For performance Issues see how we like them posted here: How to Post Performance Problems - Gail Shaw[/url]
Need to Split some strings? Jeff Moden's DelimitedSplit8K[/url]
Jeff Moden's Cross tab and Pivots Part 1[/url]
Jeff Moden's Cross tab and Pivots Part 2[/url]
October 26, 2012 at 7:45 am
Try the Parsename function. Not what is was made for, but works quite well for what you need and is much faster that CharIndex and Len.
Duration for CHARINDEX = 00:00:00:933
Duration for Len = 00:00:00:607
Duration for PARSENAME = 00:00:00:127
SET NOCOUNT ON;
IF object_id('tempdb..#testEnvironment') IS NOT NULL
BEGIN
DROP TABLE #testEnvironment;
END;
--1,000,000 Random rows of data
SELECT IDENTITY(INT,1,1) AS ID, CAST(LEFT(yourData, LEN(yourData) - 1) AS varchar(50)) AS yourData
INTO #testEnvironment
FROM (SELECT TOP 1000000
REPLICATE(
REPLACE(REPLACE(REPLACE(REPLACE(REPLACE(REPLACE(REPLACE(REPLACE(REPLACE(REPLACE(
REPLACE(NEWID(),'-','')
,'0',''),'9',''),'8',''),'7',''),'6',''),'5',''),'4',''),'3',''),'2',''),'1','') + '.',
(ABS(CHECKSUM(NEWID())) % 2) + 2)
FROM master.dbo.syscolumns sc1, master.dbo.syscolumns sc2, master.dbo.syscolumns sc3
)a(yourData);
--select * from #testEnvironment where PARSENAME(yourData,3) is null --00:00:48:00
DECLARE @HOLDER INT, @Duration CHAR(12), @StartTime DATETIME;
SELECT @StartTime = GETDATE();
SELECT @HOLDER = ID
FROM #testEnvironment
WHERE CHARINDEX('.', yourData, CHARINDEX('.', yourData) + 1) = 0;
SELECT @Duration = CONVERT(CHAR(12),GETDATE()-@StartTime,114);
RAISERROR('Duration for CHARINDEX = %s',0,1,@Duration) WITH NOWAIT;
SELECT @StartTime = SYSDATETIME();
SELECT @HOLDER = ID
FROM #testEnvironment
WHERE LEN(CAST(yourData AS NVARCHAR(MAX)))-1 = LEN(REPLACE(CAST(yourData AS NVARCHAR(MAX)) COLLATE Latin1_General_BIN2,'.',''));
SELECT @Duration = CONVERT(CHAR(12),GETDATE()-@StartTime,114);
RAISERROR('Duration for Len = %s',0,1,@Duration) WITH NOWAIT;
SELECT @StartTime = SYSDATETIME();
select @HOLDER = ID from #testEnvironment where PARSENAME(yourData,3) is null
SELECT @Duration = CONVERT(CHAR(12),GETDATE()-@StartTime,114);
RAISERROR('Duration for PARSENAME = %s',0,1,@Duration) WITH NOWAIT;
October 26, 2012 at 8:05 am
jdfletchr (10/26/2012)
Try the Parsename function.
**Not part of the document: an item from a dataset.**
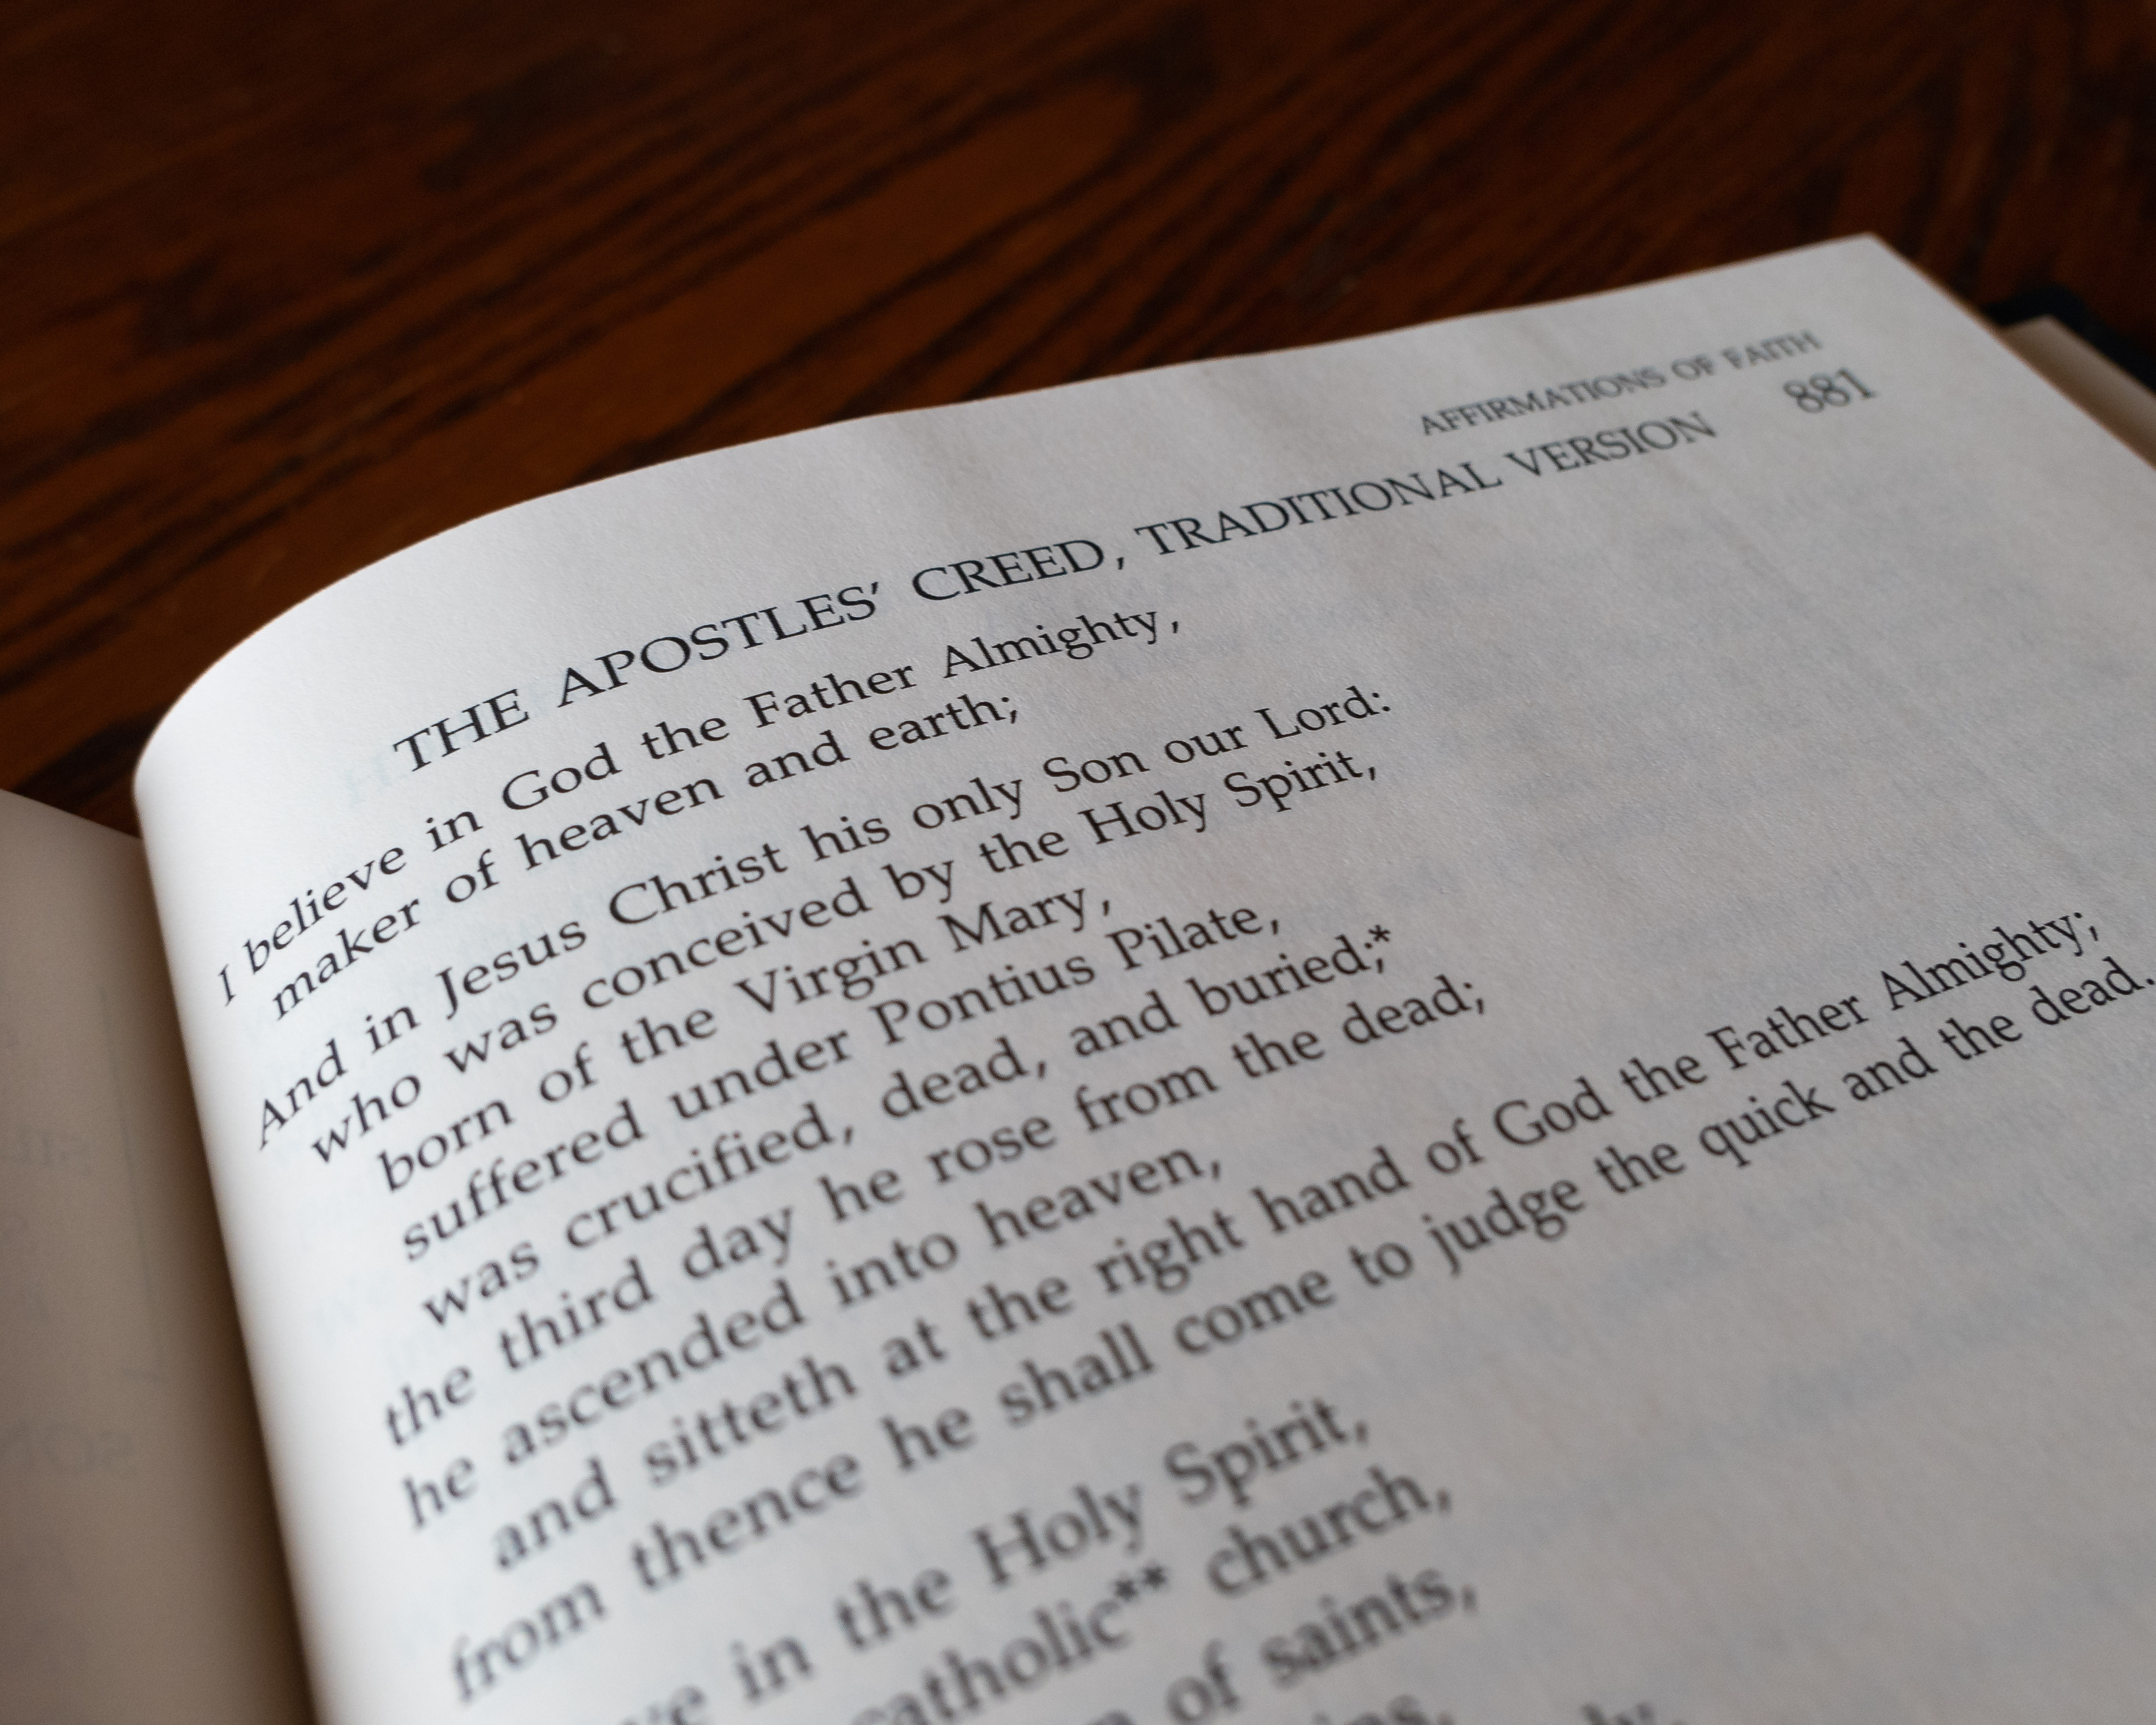 The Apostle’s Creed: The Holy Catholic Church

Not what is was made for, but works quite well for what you need and is much faster that CharIndex and Len.
Did you read the thread with the tests made and the observation on a solultion that was the same as yours?
Without an extra condition, your PARSENAME solution will throw incorrect results.
By the way, another problem is we're dealing with an ntext column.
October 26, 2012 at 8:08 am
...
they are all really close over 1 million records
...
If you want your CLR with Regex to perform well you need to declare your Regex object as static and use Compile option for the pattern. Try changing your CLR to this:
public partial class UserDefinedFunctions
{
static readonly Regex _regex = new Regex(@"^[^\.]+\.[^\.]+$", RegexOptions.Compiled);
[Microsoft.SqlServer.Server.SqlFunction()]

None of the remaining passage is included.